No doubt Hemingway suffered from depression. Many writers do. This article in the Times explores the links tying depression, writers and suicide, including Papa, of course.
It is not surprising that these mood disorders seem most at home in the artistic mind. “The cognitive style of manic-depression overlaps with the creative temperament,” Ms. Jamison said. Researchers have found that in a mildly manic state, subjects think more quickly, fluidly and originally. In a depressed state, subjects are self-critical and obsessive, an ideal frame of mind for revision and editing. “When we think of creative writers,” Ms. Jamison said, “we think of boldness, sensitivity, restlessness, discontent; this is the manic-depressive temperament.”
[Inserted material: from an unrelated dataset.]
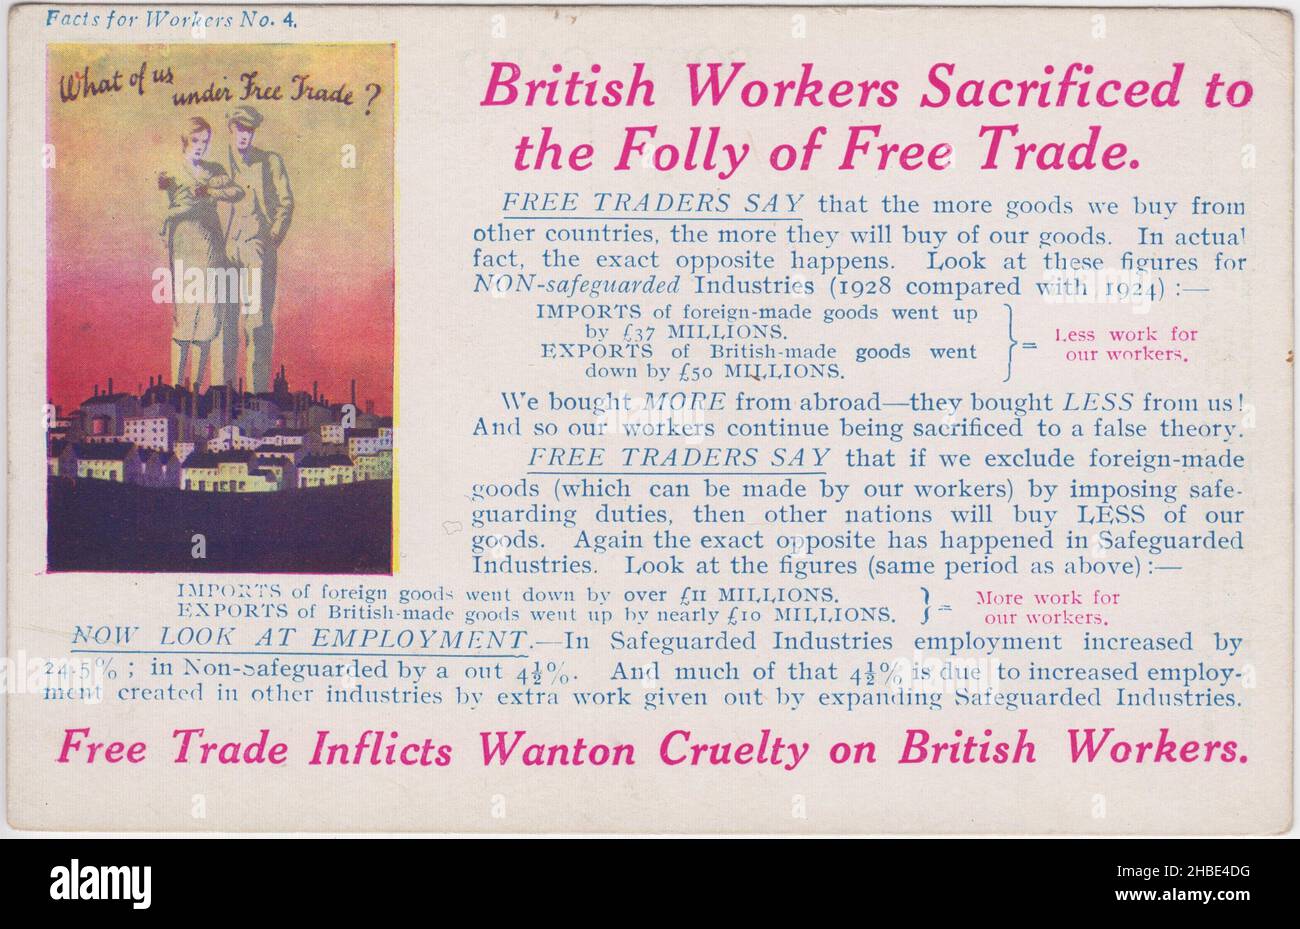 'British Workers Sacrificed to the Folly of Free Trade'... 'Free Trade Inflicts Wanton Cruelty on British Workers.' Postcard issued by the National Union of Conservative & Unionist Associations as part of their campaign for 'tariff reform' / protectionism. It combines statistics, slogans & a small poster image showing a working class man & woman asking 'What of us under Free Trade?' Stock Photo
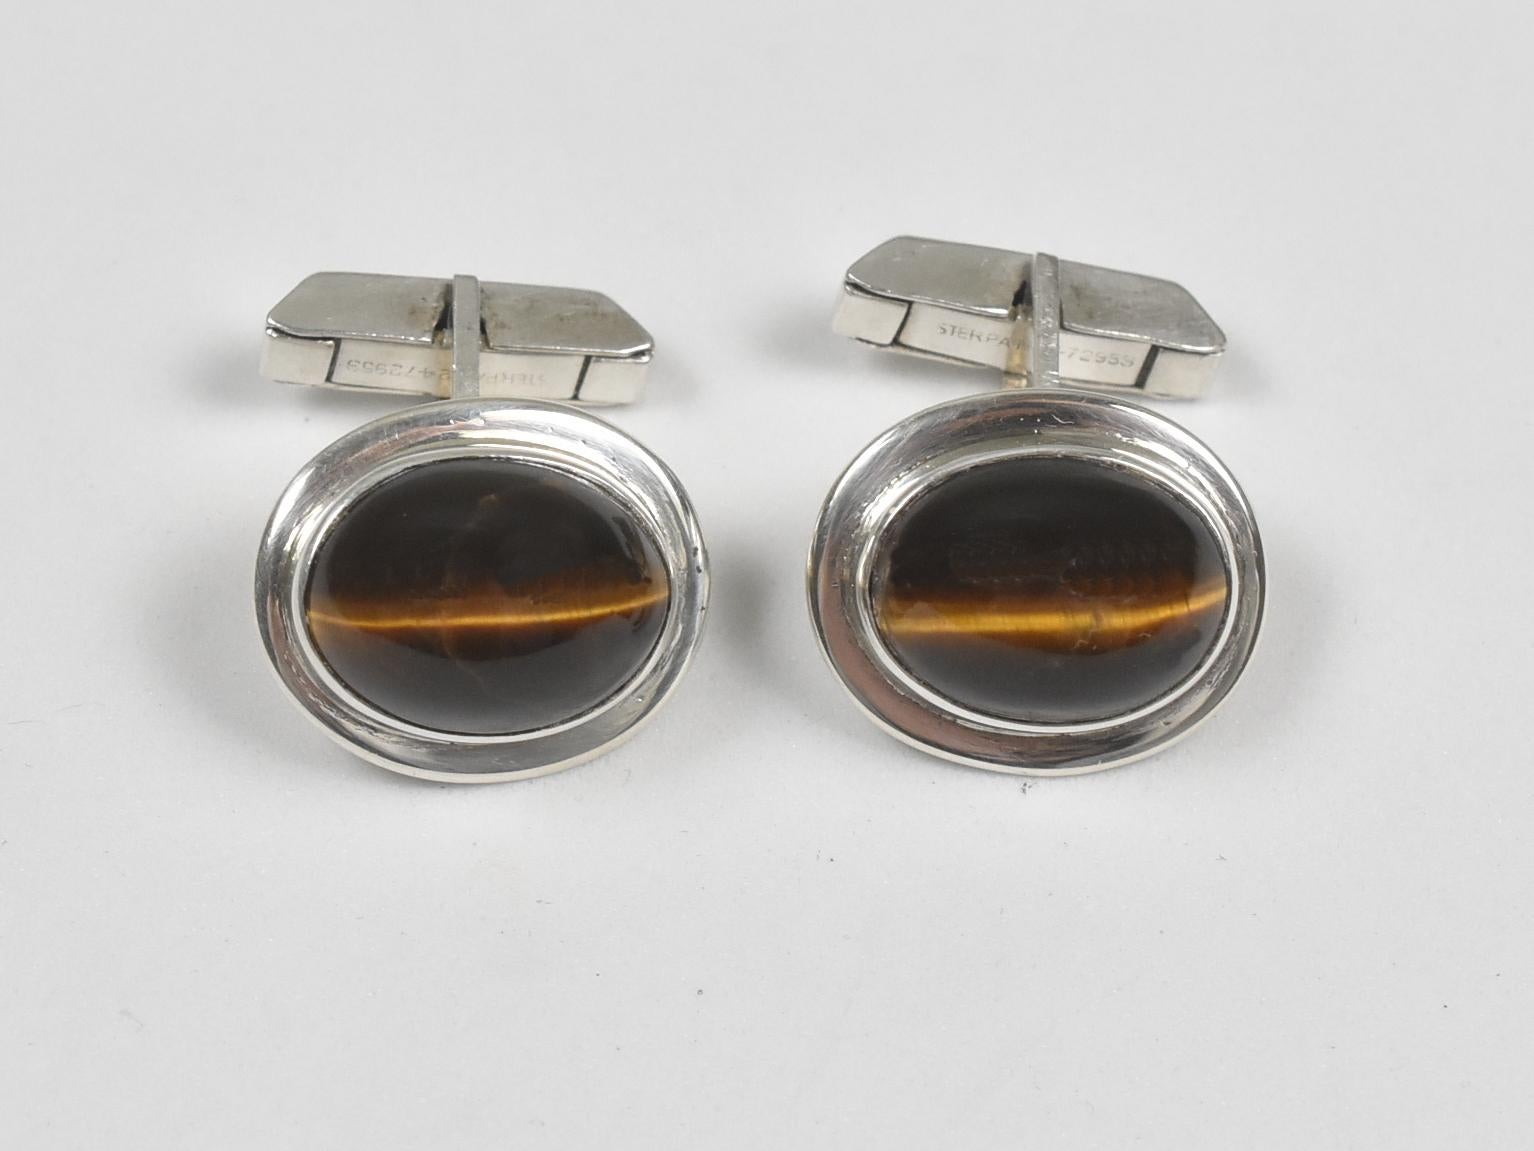 Oval tiger-eye sterling silver cabochon cuff links. Measures: 3 cm x 1.7 cm, marked sterling, stone measures: 1.6 cm x 1.1 cm, 14.8 grams total weight. Overall, in great condition.

William Styron, author of that cheerful little ditty,”Sophie’s Choice”, wrote about his battle with depression … a fight he never won, but that did not kill him … in Darkness Visible, one of the most helpful bits of writing I have ever been commanded to read.
This is not to say that one must be depressed to write, nor that all depressives can. Sunny dispositions can lead down primrose paths to libraries, but life’s hard edges and awareness of them … even hyper-awareness … does add grist to the mill and grit to the pulp.
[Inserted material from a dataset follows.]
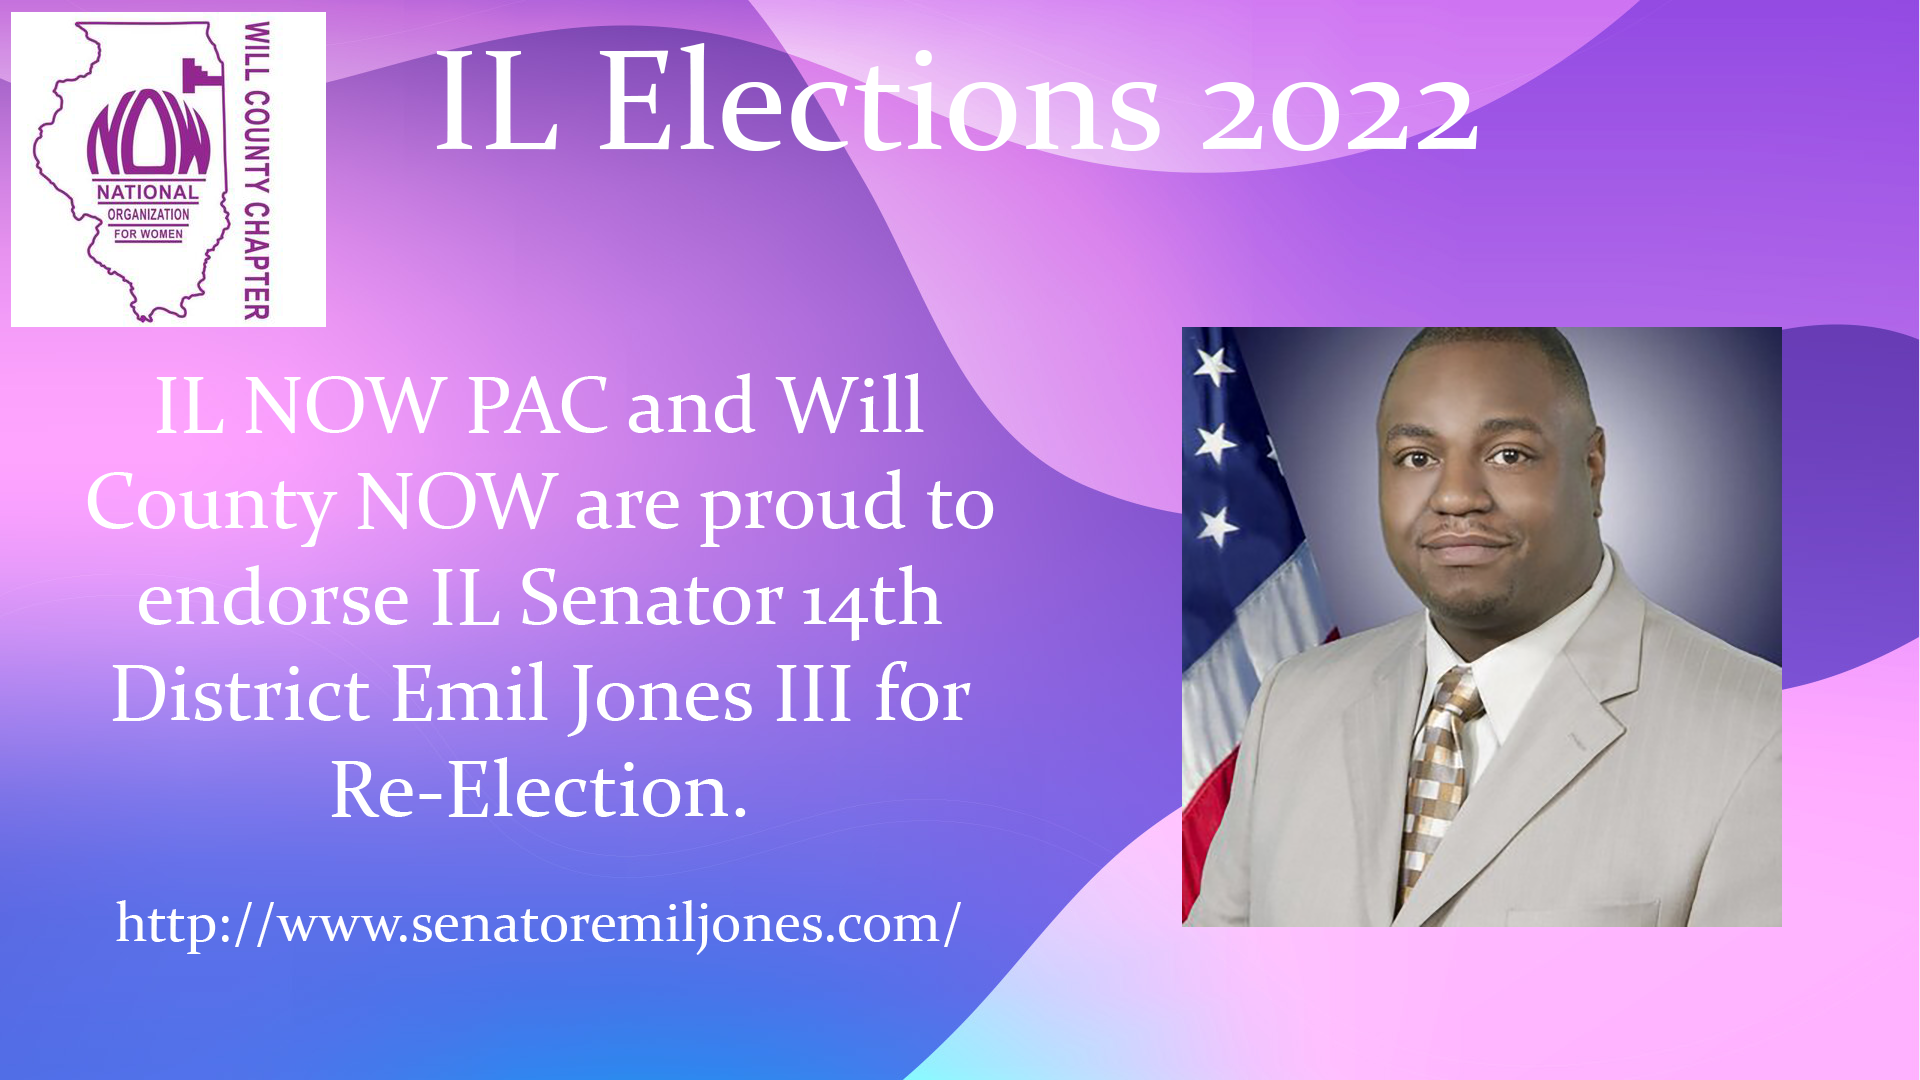 Will County NOW Endorses IL Senator 14th District Emil Jones III for Re-Election

Some might say the days of living large are over. My friend Roy might agree. Marty Beckerman seems to:
But we’ve become so afraid of death that we refuse to actually live. We’re scared of the sun because it might give us cancer; we’re scared of a well-marbled steak because it might raise our cholesterol; we’re scared of bullfighting—the only real sport—so we demean ourselves with yoga and Pilates and other such unholy abominations. The closest we come to genuine thrills, genuine danger, is watching IMAX 3-D superhero movies.
Hemingway, however, knew that death isn’t the worst thing in the world. “[C]owardice is worse, treachery is worse, and simple selfishness is worse,” he said. (Also: staying married to the same woman for more than five minutes.)
Perhaps our safety-padded commercial existence is why young people are increasingly drawn to his life and works. Our entire lives are planned out for us before infancy; deviating from the standard path—SAT > college > 24/7 job—is nearly impossible. (Hemingway didn’t bother with college, instead going straight into the trenches of WWI as a medic, proof that an English degree is truly worthless.)
Independence used to mean defining your own existence; now it means paying your own credit-card bill. Freedom used to mean an open road and uncharted waters; now it means choosing between BlackBerry or Droid data plans. Living on our own terms is a foreign concept, but Hemingway bent the world to his liking through sheer gusto, which is very different than the illusion of choice on sale at the Apple Store. Why speak the truth, consequences be damned, when a single impulsive tweet can cost you a career?
Would love to carry on with this for a while, but my Internet connection just might … right now … allow me to post, and I have to go out and unclog a pipe full of shit since the plumber didn’t show up.
Depressing? Well … not exactly a party, but it does give me something to write about.